Write out the data exactly as given, dropping every picture.
*** Opening THE DATA ***
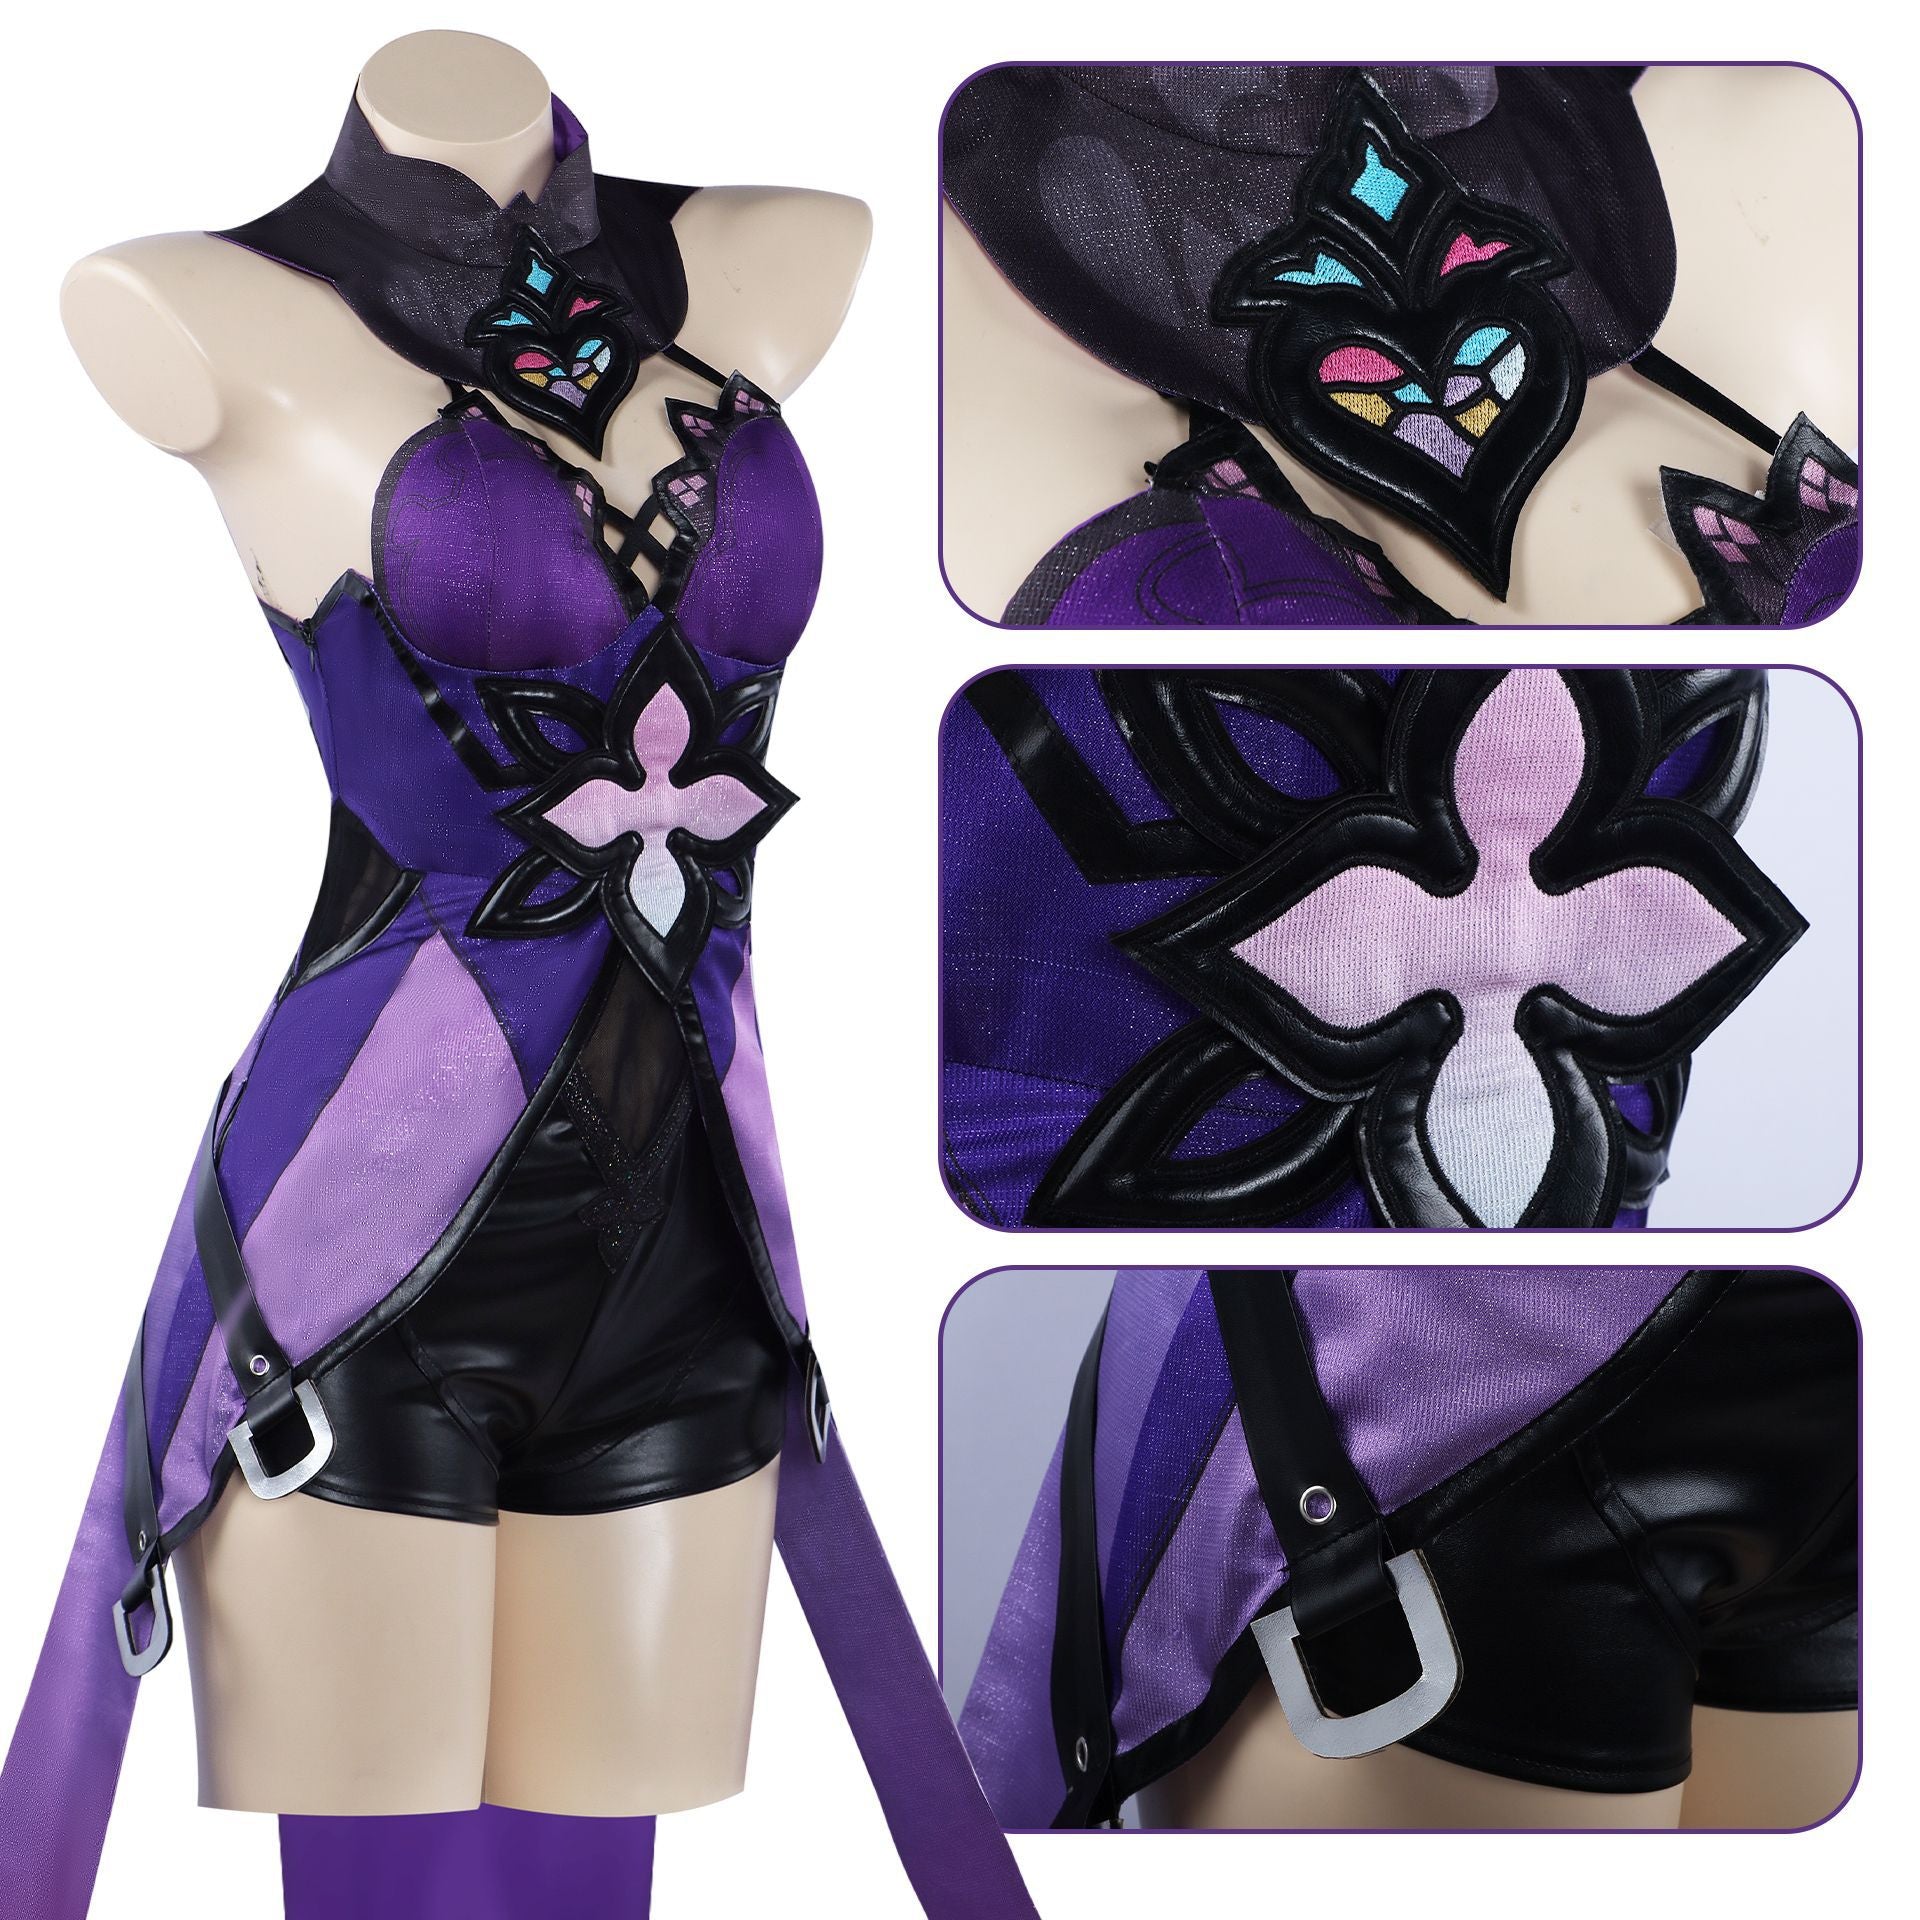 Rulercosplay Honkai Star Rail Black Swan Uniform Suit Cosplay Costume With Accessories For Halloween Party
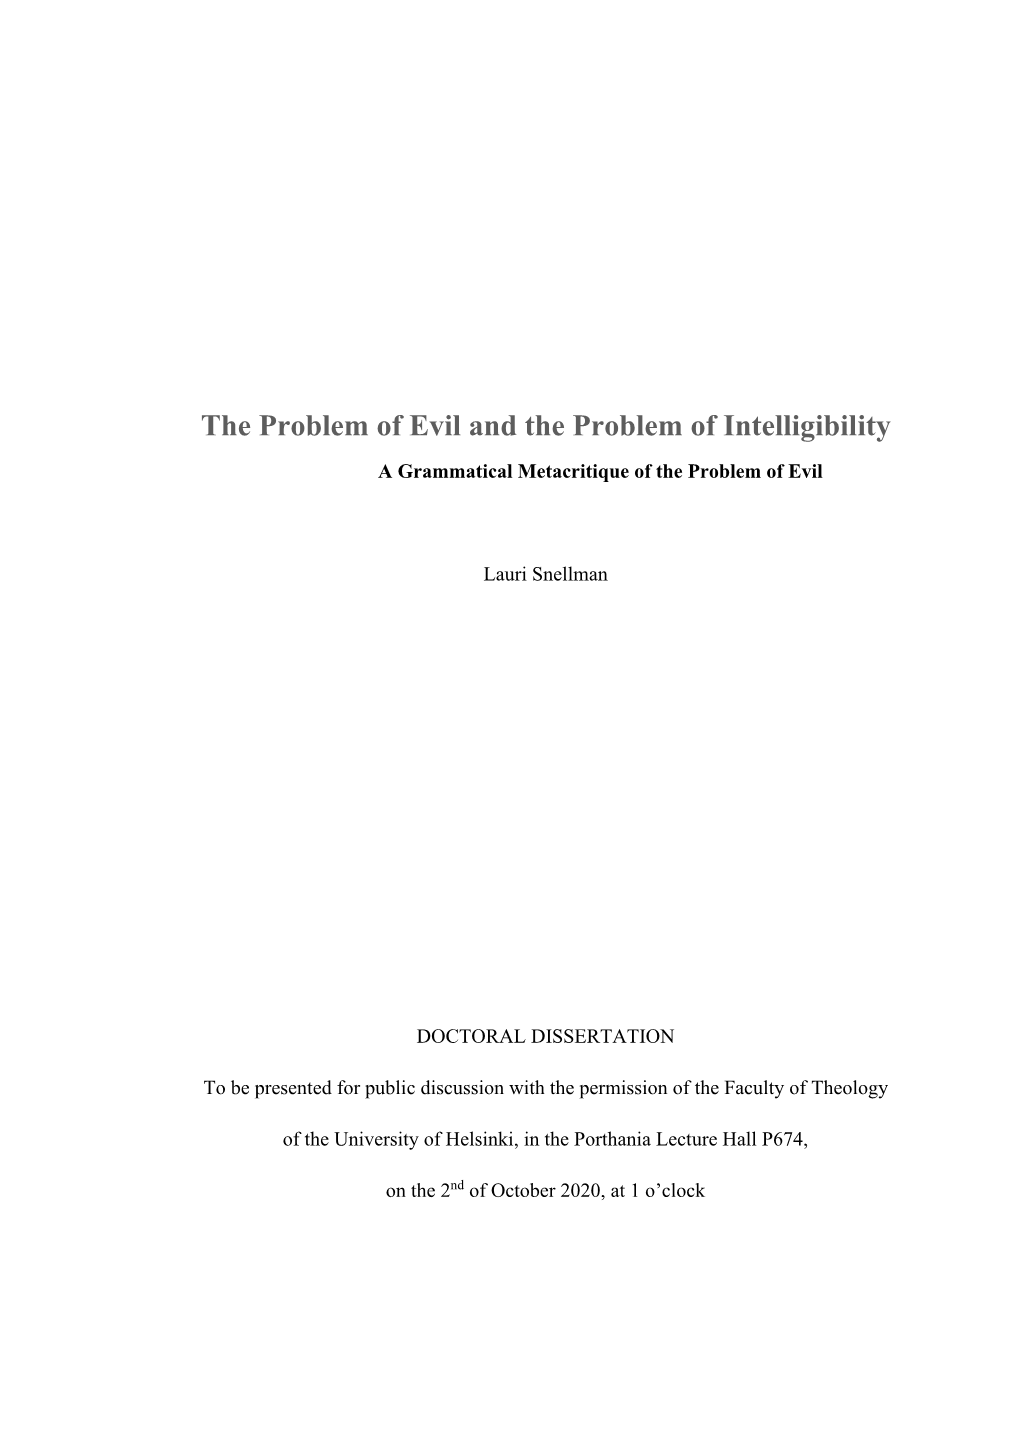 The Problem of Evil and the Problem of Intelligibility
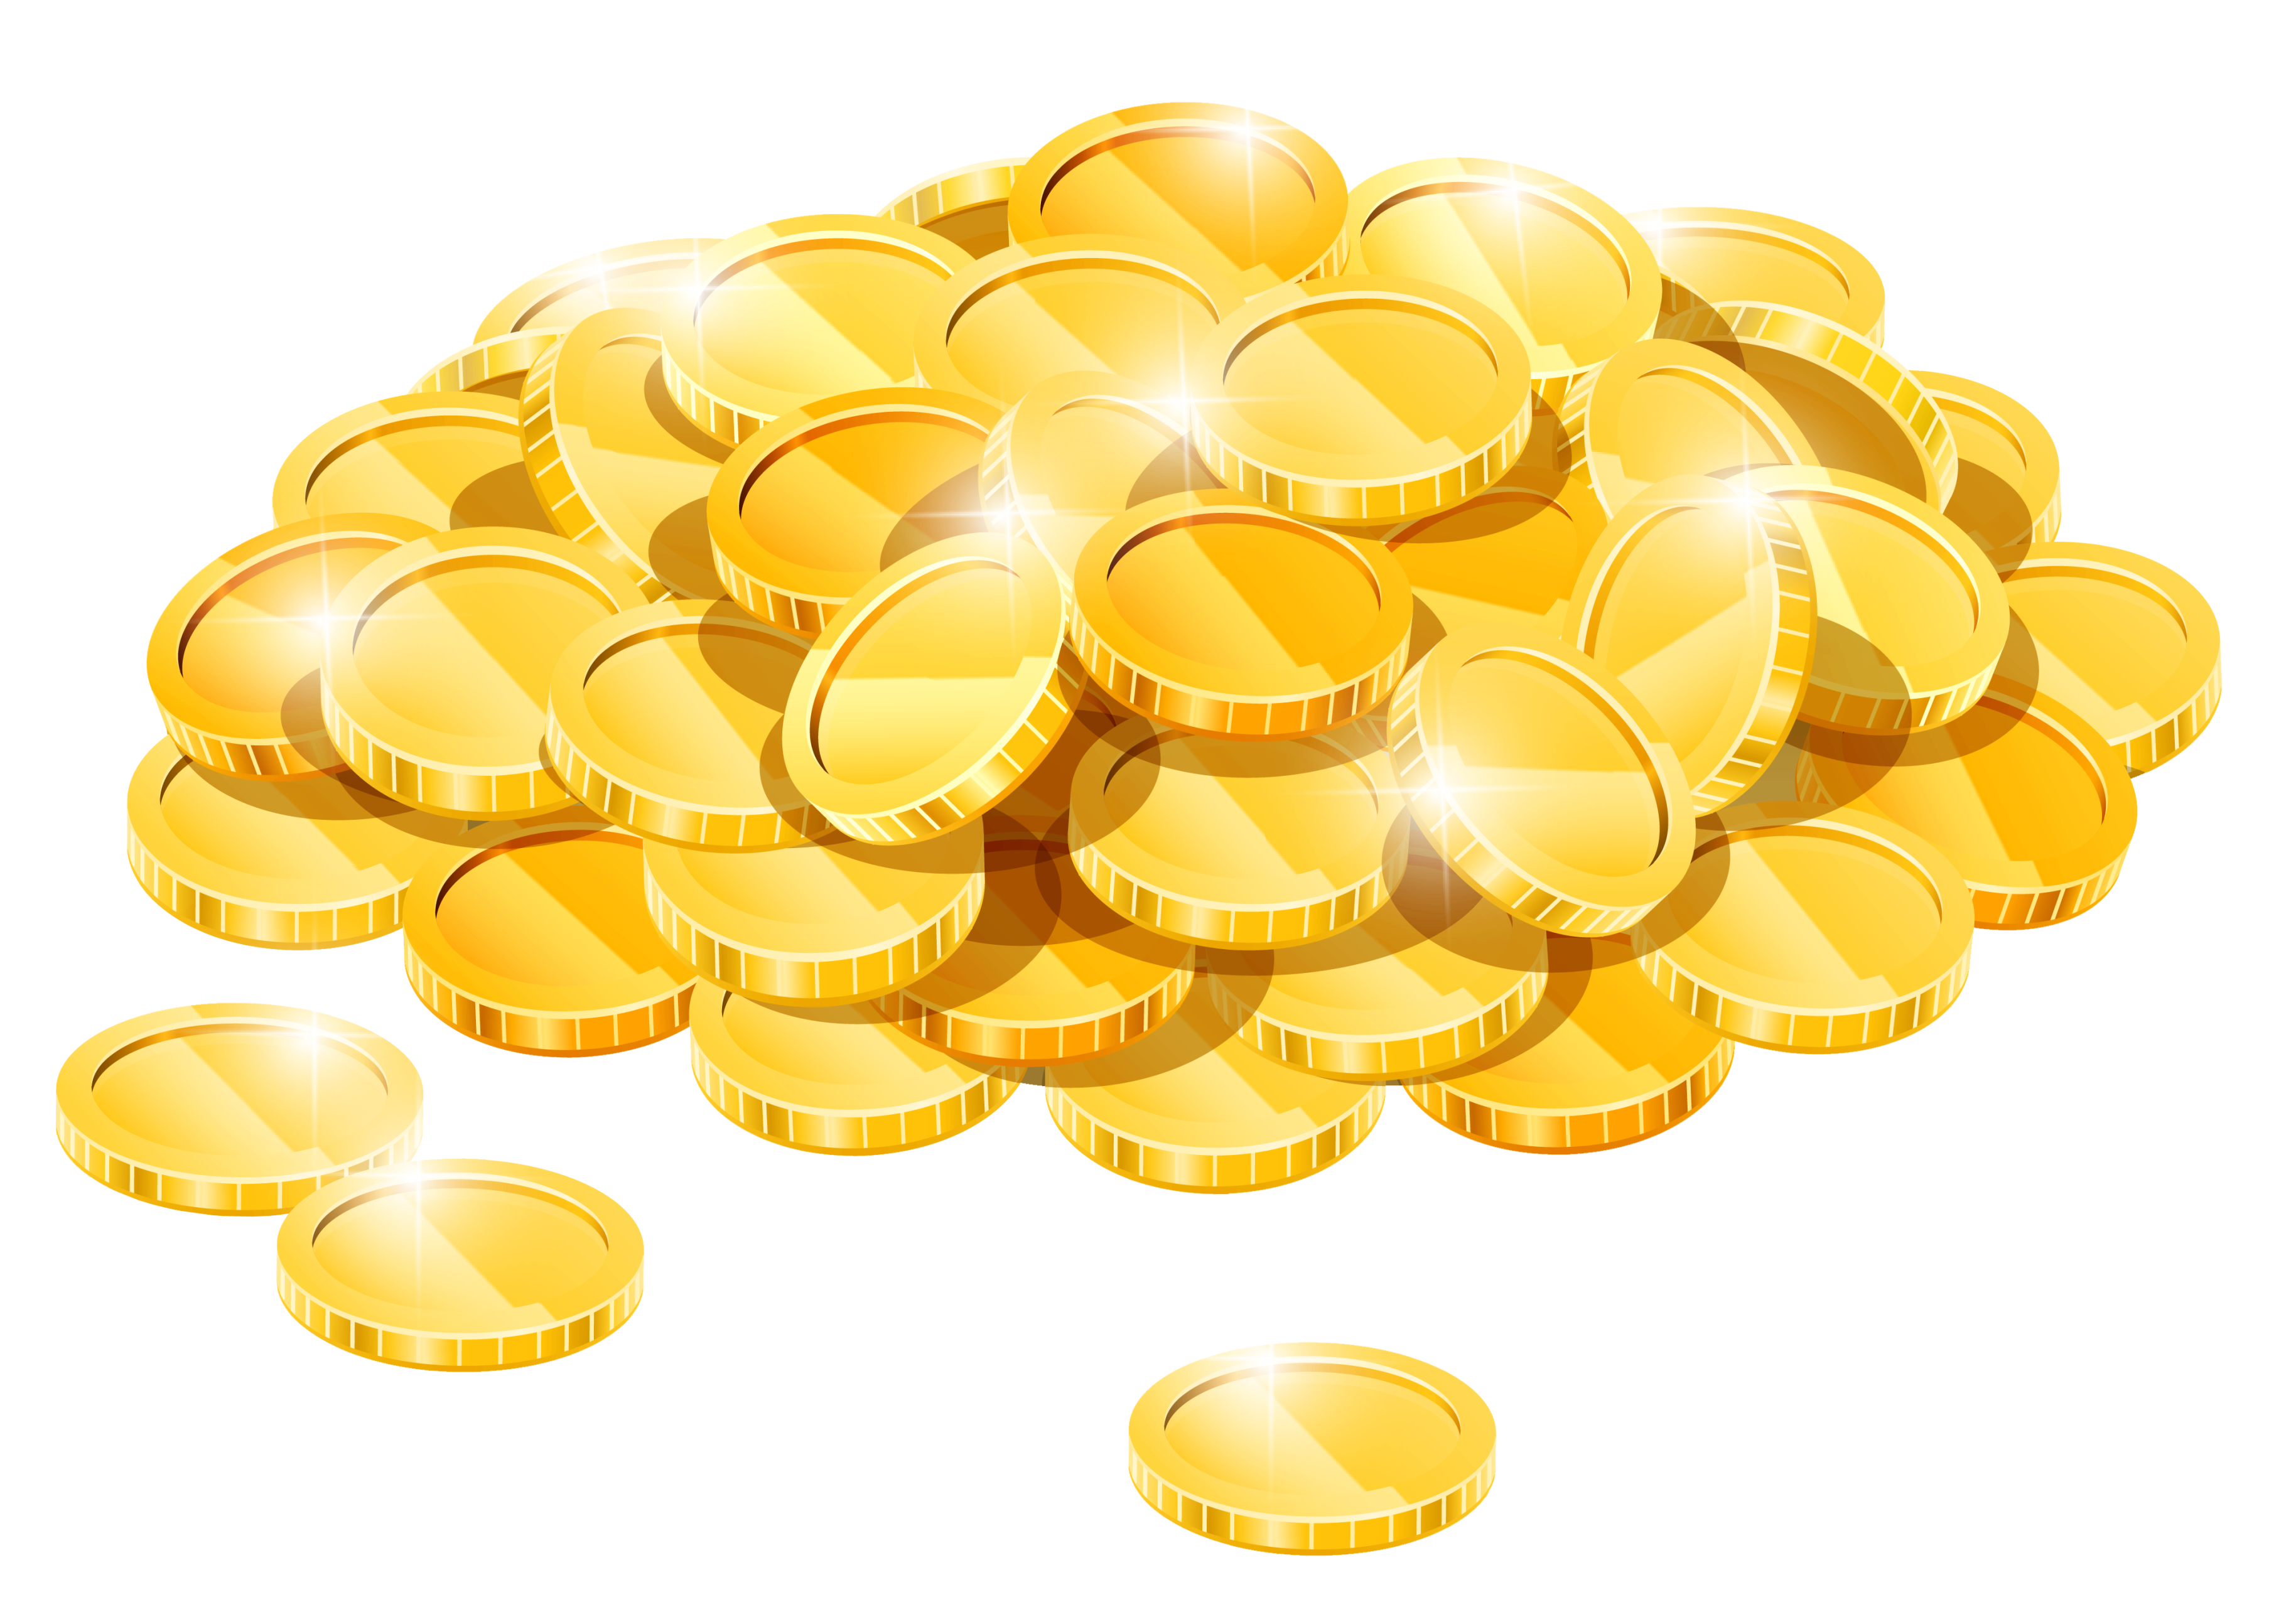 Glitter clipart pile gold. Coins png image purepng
*** Closing THE DATA ***
**TASK SOLUTION:**
 Rulercosplay Honkai Star Rail Black Swan Uniform Suit Cosplay Costume With Accessories For Halloween Party
 The Problem of Evil and the Problem of Intelligibility
 Glitter clipart pile gold. Coins png image purepng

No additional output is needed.